### THE PROBLEM
Taking the first line of the listing as the start and the line containing "8 Pairs Of Italian" as the end, reproduce everything in between exactly, both ends included.

### THE DATA
----
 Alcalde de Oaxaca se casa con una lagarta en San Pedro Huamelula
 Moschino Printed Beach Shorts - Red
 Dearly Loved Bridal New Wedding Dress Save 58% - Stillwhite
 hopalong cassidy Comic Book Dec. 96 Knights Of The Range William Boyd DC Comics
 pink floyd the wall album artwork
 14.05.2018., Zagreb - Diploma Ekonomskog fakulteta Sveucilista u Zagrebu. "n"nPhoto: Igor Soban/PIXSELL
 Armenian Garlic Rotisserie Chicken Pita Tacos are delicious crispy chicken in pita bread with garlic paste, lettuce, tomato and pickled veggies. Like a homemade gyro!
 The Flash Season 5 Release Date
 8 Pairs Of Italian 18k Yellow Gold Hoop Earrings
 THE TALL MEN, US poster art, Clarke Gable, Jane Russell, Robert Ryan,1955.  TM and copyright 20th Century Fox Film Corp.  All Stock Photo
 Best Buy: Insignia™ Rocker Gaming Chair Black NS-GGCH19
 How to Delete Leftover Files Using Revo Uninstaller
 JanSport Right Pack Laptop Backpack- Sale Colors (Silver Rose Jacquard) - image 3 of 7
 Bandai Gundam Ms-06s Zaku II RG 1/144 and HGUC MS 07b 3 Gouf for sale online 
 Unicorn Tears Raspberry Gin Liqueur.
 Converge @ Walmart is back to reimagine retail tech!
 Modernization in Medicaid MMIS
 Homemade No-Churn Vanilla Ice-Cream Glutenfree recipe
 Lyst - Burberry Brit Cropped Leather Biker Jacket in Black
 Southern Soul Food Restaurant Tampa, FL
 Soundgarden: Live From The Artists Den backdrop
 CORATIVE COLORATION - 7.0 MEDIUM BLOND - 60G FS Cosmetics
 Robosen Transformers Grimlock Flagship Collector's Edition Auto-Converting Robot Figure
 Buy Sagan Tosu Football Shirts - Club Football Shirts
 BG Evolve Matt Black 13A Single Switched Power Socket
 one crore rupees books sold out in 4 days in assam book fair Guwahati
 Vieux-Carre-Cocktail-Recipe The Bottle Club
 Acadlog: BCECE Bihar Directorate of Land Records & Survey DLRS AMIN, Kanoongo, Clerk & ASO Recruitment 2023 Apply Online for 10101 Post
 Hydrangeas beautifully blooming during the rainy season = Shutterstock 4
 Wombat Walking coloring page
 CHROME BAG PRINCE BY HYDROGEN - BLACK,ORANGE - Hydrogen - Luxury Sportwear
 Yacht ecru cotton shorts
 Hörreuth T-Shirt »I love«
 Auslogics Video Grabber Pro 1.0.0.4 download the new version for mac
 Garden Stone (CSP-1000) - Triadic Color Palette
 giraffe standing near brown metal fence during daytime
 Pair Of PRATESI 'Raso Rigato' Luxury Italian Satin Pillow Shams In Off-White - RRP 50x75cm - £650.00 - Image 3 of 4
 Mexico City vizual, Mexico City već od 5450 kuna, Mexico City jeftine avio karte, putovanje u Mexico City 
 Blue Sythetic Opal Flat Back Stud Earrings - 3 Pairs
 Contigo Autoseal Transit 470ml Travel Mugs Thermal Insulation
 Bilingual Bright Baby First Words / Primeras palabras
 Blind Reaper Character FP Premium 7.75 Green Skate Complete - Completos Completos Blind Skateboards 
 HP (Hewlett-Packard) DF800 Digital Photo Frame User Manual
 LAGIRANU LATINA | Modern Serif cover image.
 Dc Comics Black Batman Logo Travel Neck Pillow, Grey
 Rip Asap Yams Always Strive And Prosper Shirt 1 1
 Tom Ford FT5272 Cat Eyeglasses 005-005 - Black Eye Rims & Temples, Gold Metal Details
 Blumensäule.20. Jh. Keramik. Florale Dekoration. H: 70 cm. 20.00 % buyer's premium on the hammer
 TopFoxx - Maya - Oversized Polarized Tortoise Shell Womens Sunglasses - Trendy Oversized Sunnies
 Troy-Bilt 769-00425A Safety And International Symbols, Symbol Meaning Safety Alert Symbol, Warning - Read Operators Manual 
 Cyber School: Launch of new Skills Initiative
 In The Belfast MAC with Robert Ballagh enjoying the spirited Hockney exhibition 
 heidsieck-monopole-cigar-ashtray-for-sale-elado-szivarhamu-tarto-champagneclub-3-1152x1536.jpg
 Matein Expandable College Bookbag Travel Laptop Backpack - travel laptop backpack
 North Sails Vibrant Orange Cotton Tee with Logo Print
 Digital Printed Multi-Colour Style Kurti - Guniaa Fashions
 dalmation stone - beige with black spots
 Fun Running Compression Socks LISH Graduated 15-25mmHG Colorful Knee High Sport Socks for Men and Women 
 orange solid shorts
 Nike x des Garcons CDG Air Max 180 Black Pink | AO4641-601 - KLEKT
----
### REPLY TO THE TASK
 Alcalde de Oaxaca se casa con una lagarta en San Pedro Huamelula
 Moschino Printed Beach Shorts - Red
 Dearly Loved Bridal New Wedding Dress Save 58% - Stillwhite
 hopalong cassidy Comic Book Dec. 96 Knights Of The Range William Boyd DC Comics
 pink floyd the wall album artwork
 14.05.2018., Zagreb - Diploma Ekonomskog fakulteta Sveucilista u Zagrebu. "n"nPhoto: Igor Soban/PIXSELL
 Armenian Garlic Rotisserie Chicken Pita Tacos are delicious crispy chicken in pita bread with garlic paste, lettuce, tomato and pickled veggies. Like a homemade gyro!
 The Flash Season 5 Release Date
 8 Pairs Of Italian 18k Yellow Gold Hoop Earrings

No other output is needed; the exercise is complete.